The nostalgia for paradise is the condition of the exile, which is a multifaceted state of existence: When one is in exile from a place, one is also in exile from the self. Nostalgia is longing for the reunion of place and self. For the immigrant, truly in exile, the nostalgia for paradise transforms the original nation into patria, fatherland or motherland; it sanctifies it as the home of the ancestors, as the sacred site, as the origins of the world from which the immigrant is de-rooted and from which they still find their center. But here, the immigrant is like the first mythic hero who, having quit the homeland, founds a new world, establishes a new cosmogony. And it’s to their progeny that the burden of nostalgia will fall. For the second and third generations will not have firsthand accounts of the patria, and with the struggle of assimilation, they long for an understanding of themselves and their history, their origin, which can only be satisfied, if barely, in the sacred pilgrimage back to the motherland that so many immigrant-descendants undertake. And this is another type of exile: the liminal space between ethnic minority and assimilated citizen. It is an exile of shame, one in which the innocence and fragrance of childhood customs are corrupted and forgotten. It is the binding of the confessional tongue, the submission of your mother’s language to another one that your grandmother garbled in her throat and forced out with no conviction. It is the shame of needing your mother to translate your grandmother’s sister’s stories. It is the shame that even now I write this confession in English, having surrendered to the ease of what it means to be born American in a home full of gold crucifixes. These children long for the tree of knowledge rooted in the soil of their edenic homeland. They are de-centered, between two lands, between remembrance and forgetting.

The rootedness they seek is lares: the god of the dwelling, the god of the parcel of earth belonging to you, the god that roots you to earth, the god of your space. For the Romans, “Lares were propitious spirits that guarded the home and fields.”2 Along with the penates and genius loci, they ensured the prosperity of the household and their veneration was considered more important than that of the Olympians. In later centuries, the lares, originally chthonic spirits, were conflated with the spirits of ancestors. And thus, the gods of the earth and the mythic heroes were joined as one deity.

Architectural philosophers, such as Christian Norberg-Schulz, wrote of the genius loci of a place, borrowing this other deity’s name to describe the unique quality of a place, of a particular framing of the earth, of an architectural moment. For Norberg-Schulz, the genius loci is intimately tied to the earth; it is the spirit of the smallest division of the earth: a man’s property. Yet, my issue with the term genius loci is that it denies the human role in placemaking. It does not account for the collective memory of the people who dwell therein. Genius loci is the spirit of the earth, unfiltered.

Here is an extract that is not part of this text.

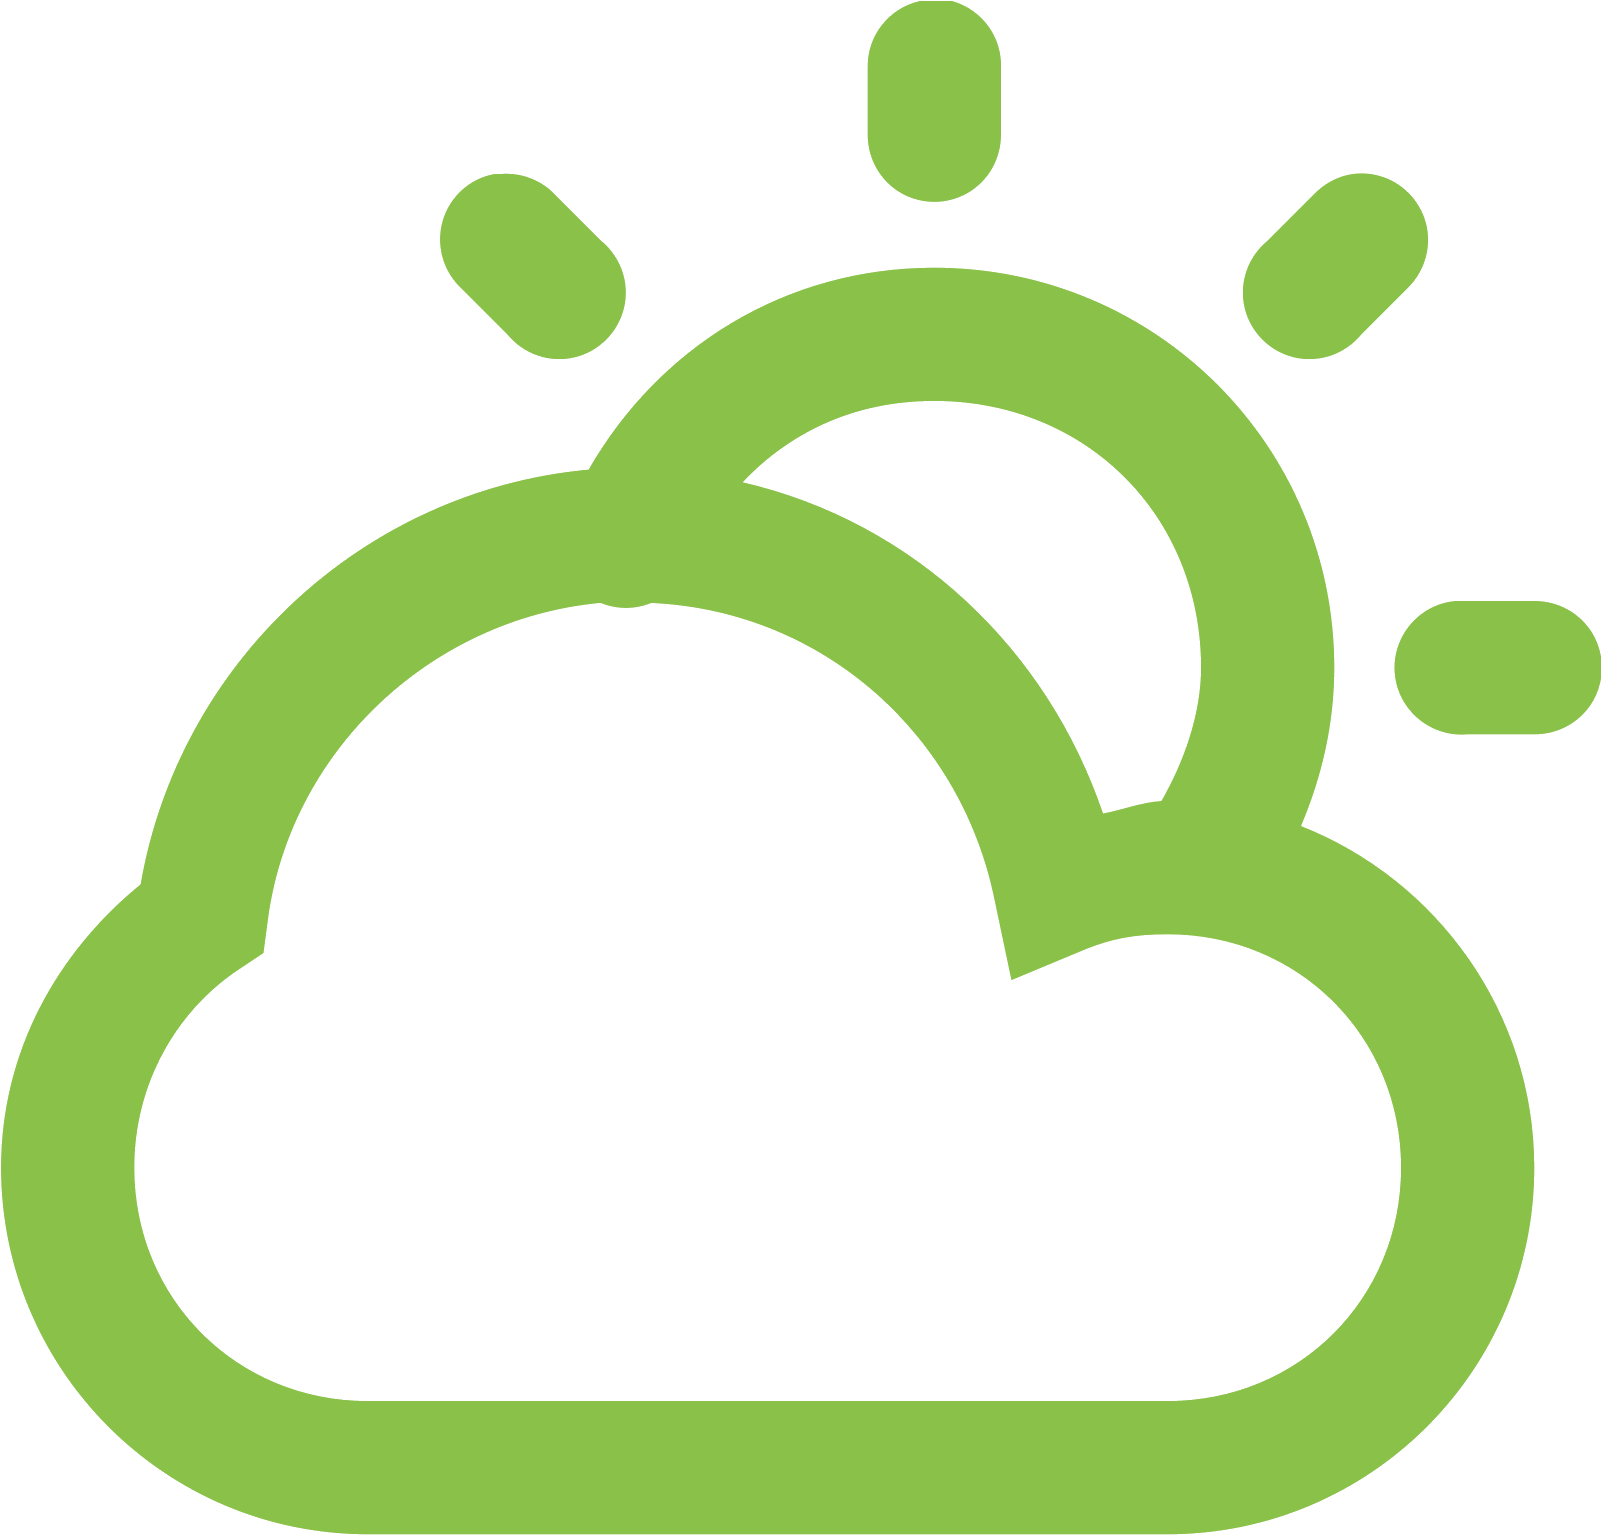 Partly Sunny Icon Download - Partly Cloudy Icon (1600x1600)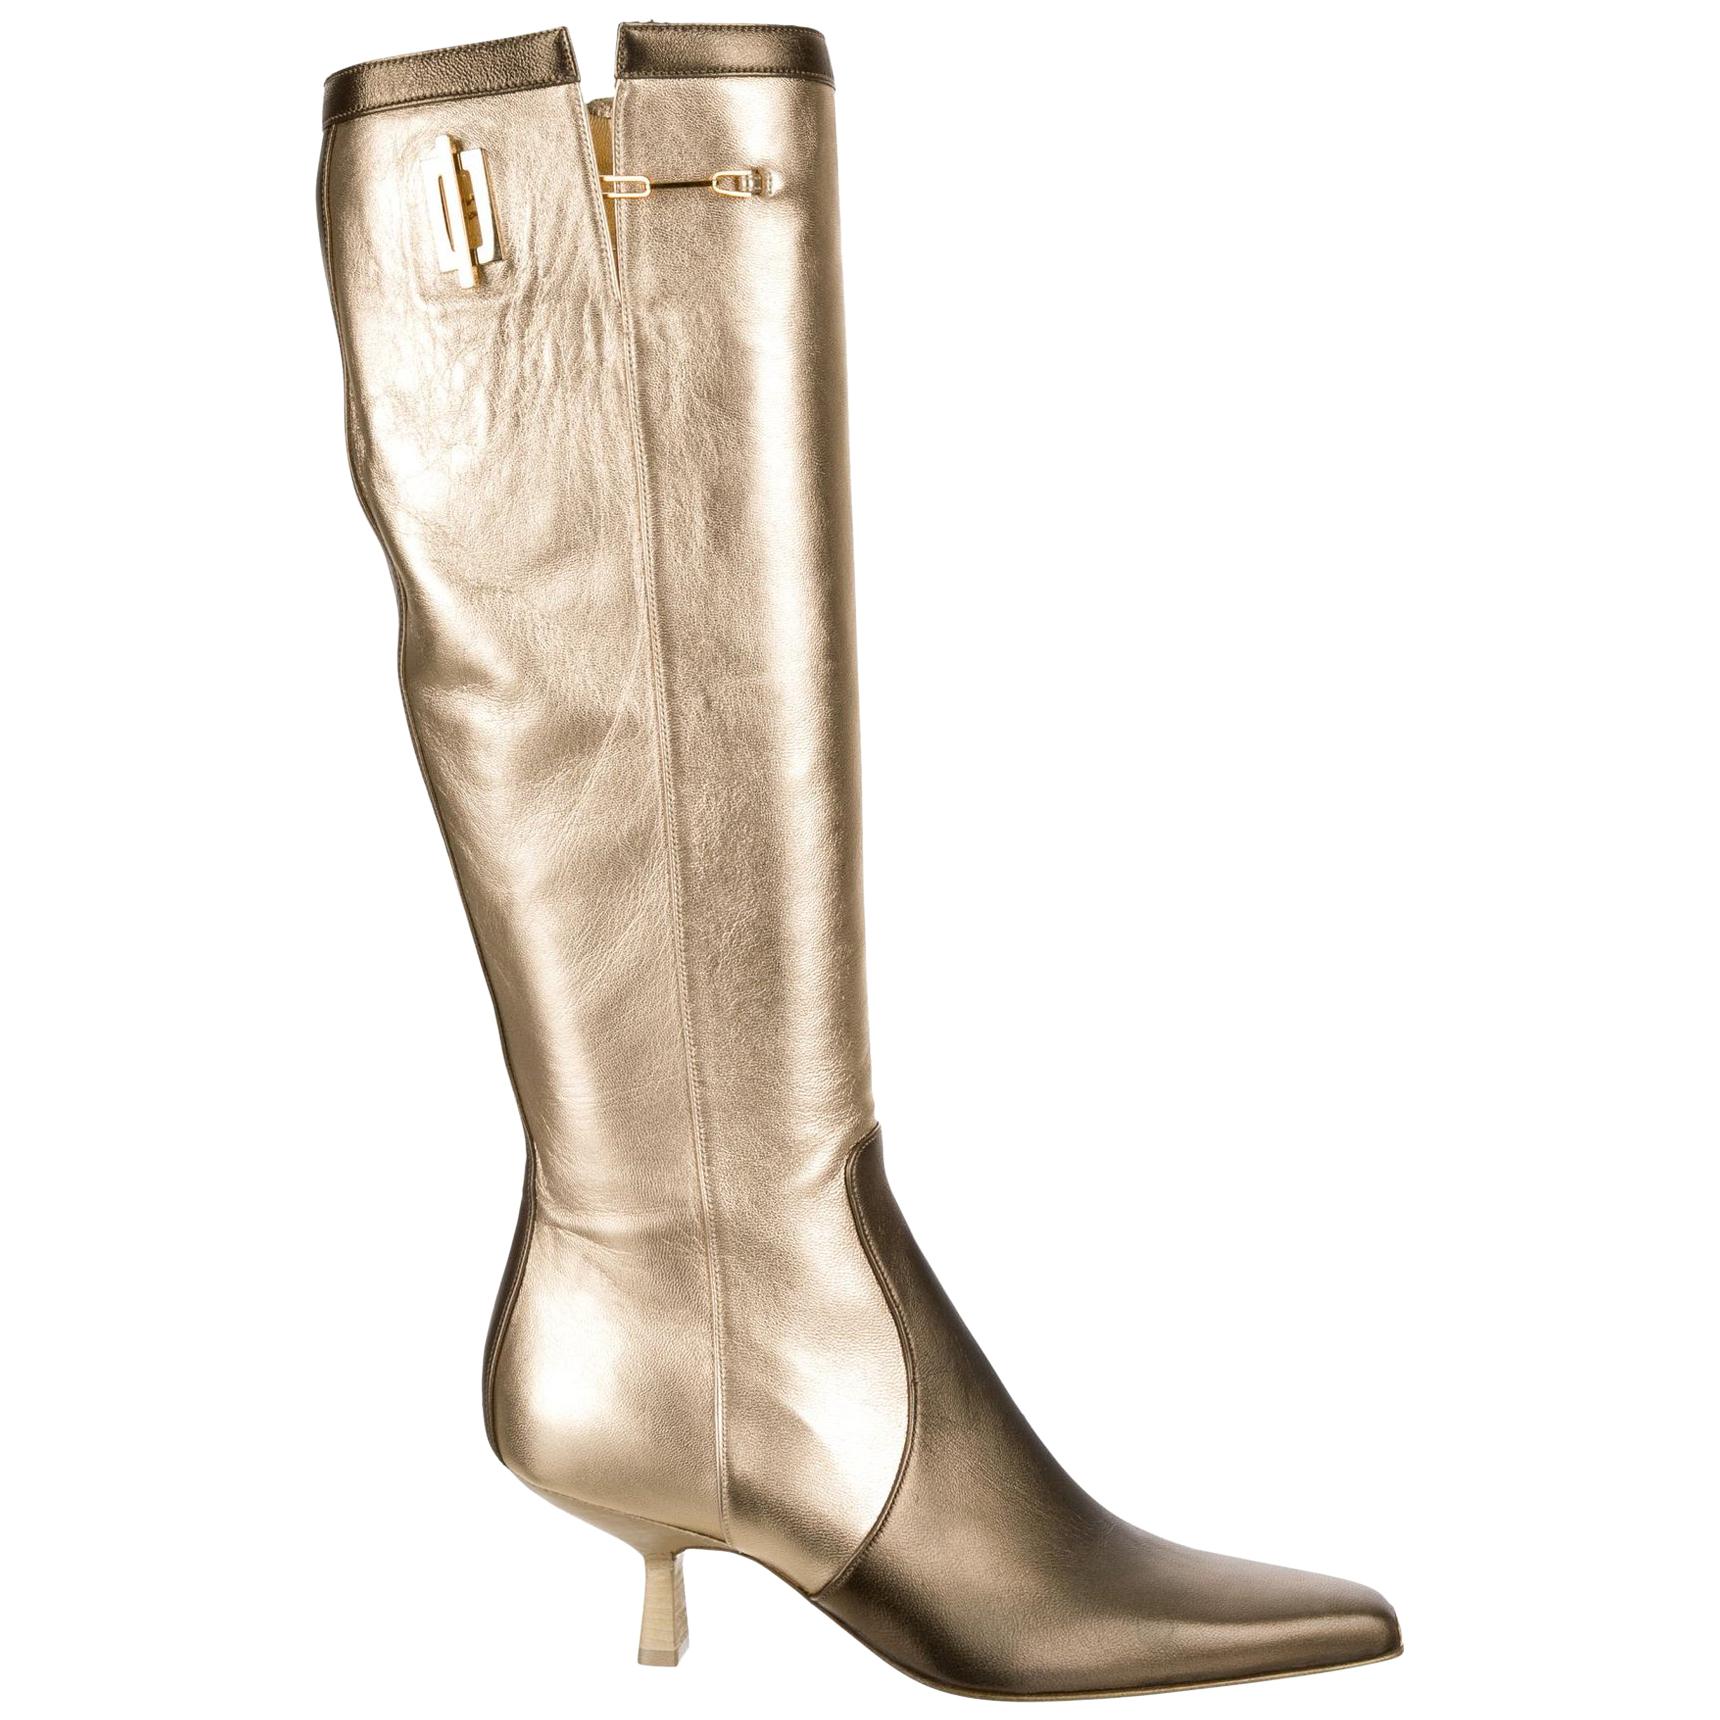 Museum Piece - Gucci by Tom Ford Fall 2000 Two Tone Gold & Bronze Boots

I propose then, that lares is the spirit of the earth imbued with the memorial blood of the ancestors. 

In my parents’ kitchen we have a plaque invoking Christ: “O Senhor, abençoai o nosso lar.”3  These words, written in a red Gothic font, accompany an image of O Nosso Senhor Santo Cristo dos Milagres, of whom there was also a large statue in the Portuguese church in New Bedford, Massachusetts. His shallow, sorrowful face, with crimson red blood dripping from the crown of thorns, his frail body wrapped in a matching crimson shawl with gold encrusted swirls and fleurs-de-lis, inhabited the shallow narthex of the brick church and used to terrify me as a child, and even now evokes in me that feeling of terror, of abandonment. Today, processing past him while bearing the weight of the casket of my last grandparent, he looks at me with quiet judgment, calling me back to venerate the original statue in my ancestors’ home, their lar lar, whose etymology is intimately linked to lares, to the spirit of home.

Norberg-Schulz stated, “the house remains the central place of human existence, the place where the child comes to understand his being in the world and the place from which man departs and to which he returns.”4 When I recall childhood, I imagine the space of my grandmother’s apartment, a cut in American space where Portuguese scents and sounds could roam free. This apartment, imbued with my grandmother’s nostalgic placemaking, was more home than my parents’ generic suburban ranch. Lares roots dwellingness, it gives meaning to existence in establishing a direct connection to the earth and to the community of ancestors who inhabited this same piece of earth. Lares is the force that constructs the personal cosmogony. Immediately, one is at home when the lares is manifested because one has the protection of the soil sanctified by the family. Lares is the god of the family: it is the soul of every ancestor joined to the soul of the earth. It is the family. It is the earth. For the Greeks and Romans, this was a literal union, as Robin Dripps explains in Site Matters: 

“The souls of the dead did not depart for a foreign world; they continued to exist underground in close proximity to the living, from whom they required regular attention. This gave to the soil a meaning of considerable personal import, suggesting an unexpected fatality. The advice to bury the dead near the front entrance of the house to facilitate consultation with one’s ancestors when leaving or returning reveals much about this vitality and the grounding anticipated from generational continuity.”5

This is not the only example of home-burial, and the ancient world is rife with examples, such as the civilization of Çatalhöyük, whose people slept over the shallow graves of their parents and grandparents. The earth and the ancestors are inseparable. Even my family’s last legal ties to the Portuguese earth, a small, empty, house on São Miguel, is adjacent to the village cemetery, and I wonder if the souls of my grandparents, all buried in America, do not long to be reunited with the earth that nourished them in childhood. And I wonder if one day, when I too am buried, if my soul will be united to theirs and to those of their grandparents, and their grandparents, and all those before them, and if I will continue the lares down through the generations after me.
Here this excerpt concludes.